Other companies have definitely been trying to catch up, most notably ST-Ericsson. That company was formed several years ago as a joint venture between STMicroelectronics and Ericsson. Their latest creation combines two ARM Cortex A9 processors, an advanced PowerVR SGX 544 GPU, and a 4G LTE modem, and best of all it’s built on a 28 nanometer process. The problem? Said chip isn’t going to be sampling until the second half of this year, and it’s likely not going to come out until the first half of 2013.

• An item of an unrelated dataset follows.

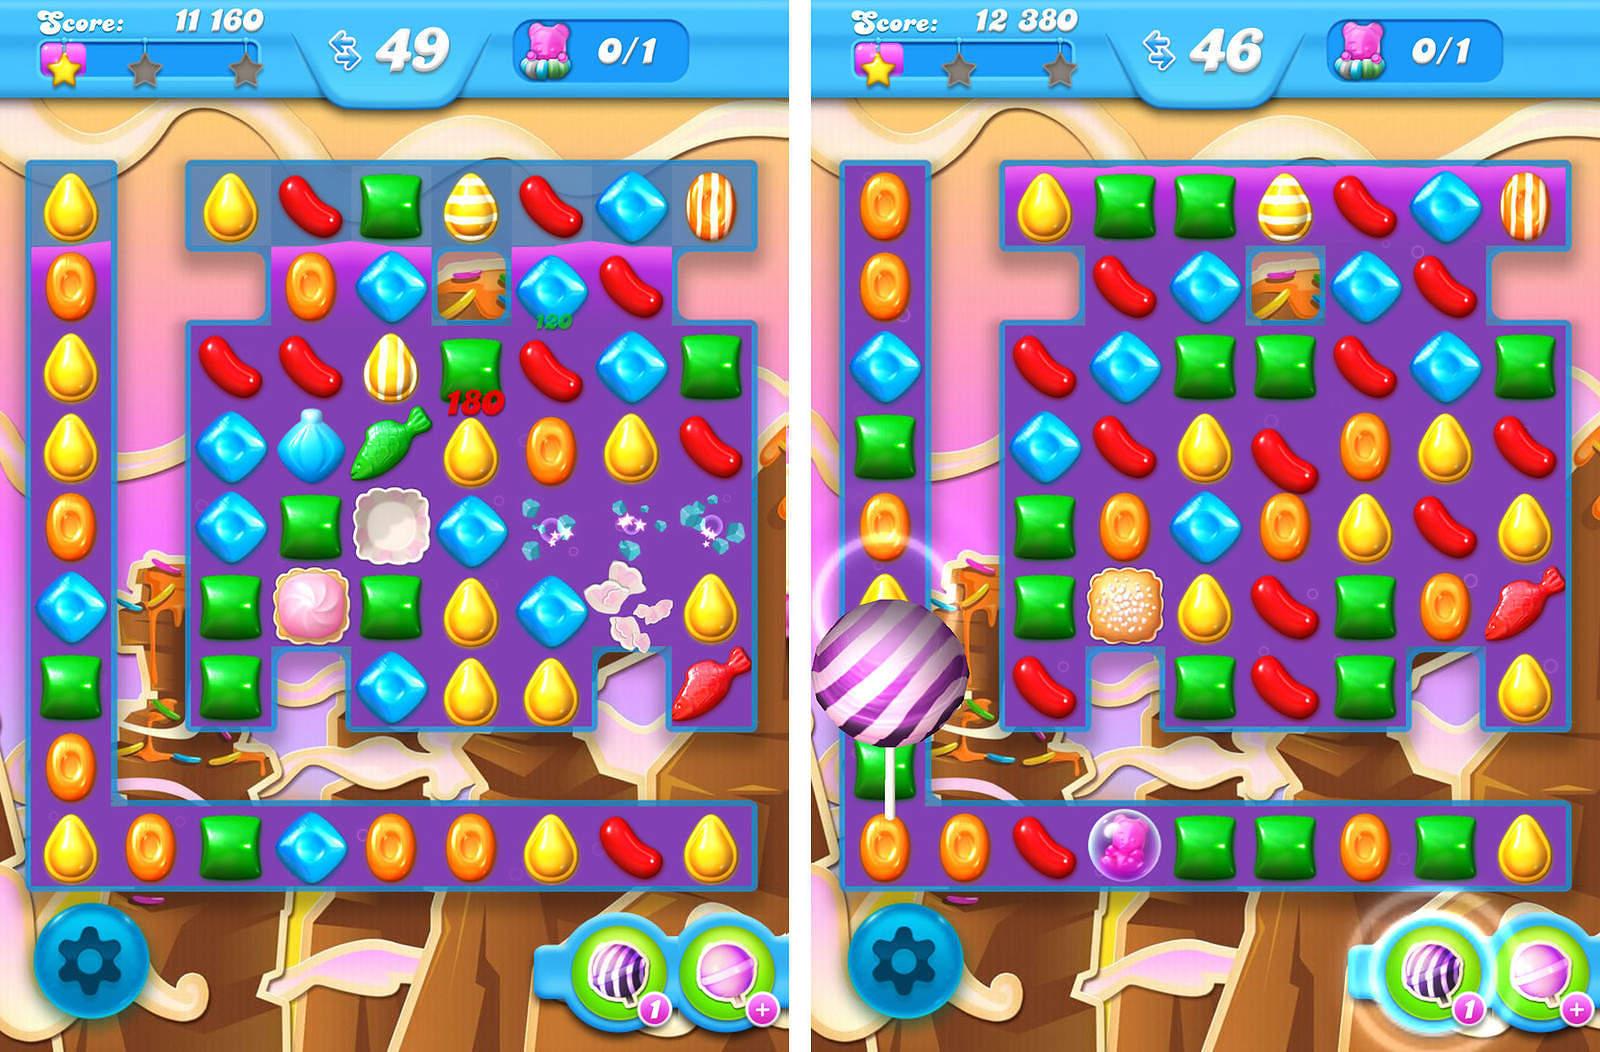 Candy Crush Soda Livello 72 Sezione 3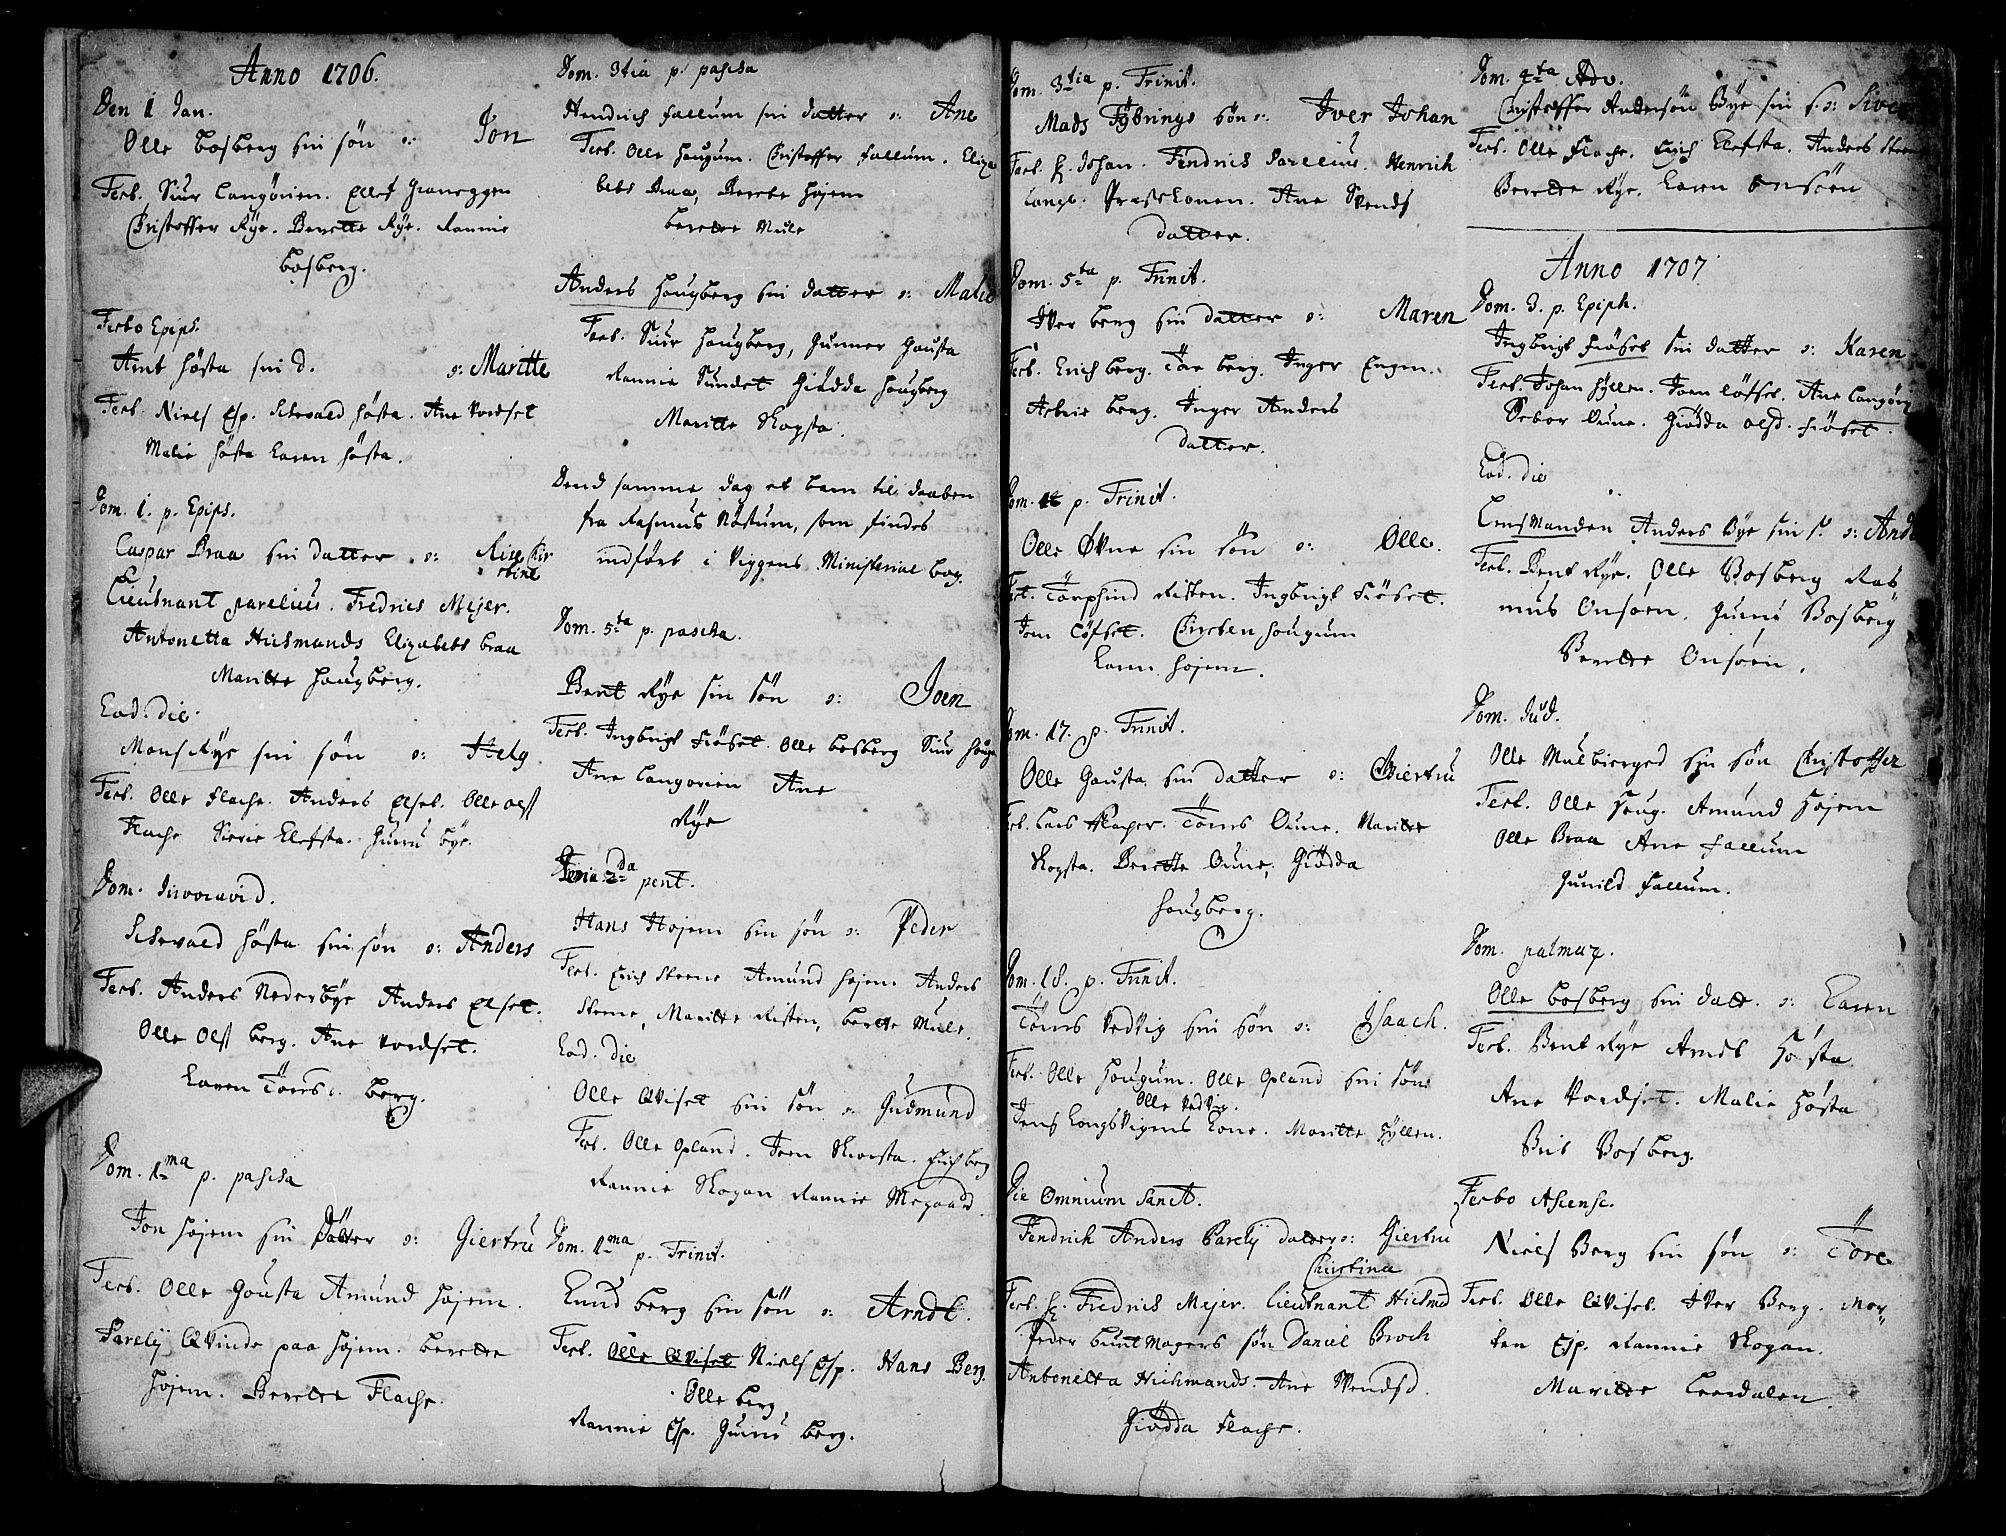 SAT, Ministerialprotokoller, klokkerbøker og fødselsregistre - Sør-Trøndelag, 612/L0368: Ministerialbok nr. 612A02, 1702-1753, s. 4

So who is best positioned to actually defeat Qualcomm this year, or at least take some market share away from them? Samsung and NVIDIA. Rumor has it that Samsung’s next processor, the one that’ll be at the heart of the Galaxy S III, will have a built-in modem; and NVIDIA has already announced that they’re going to slap some 4G LTE inside their Tegra chips sooner rather than later.
Watch this space.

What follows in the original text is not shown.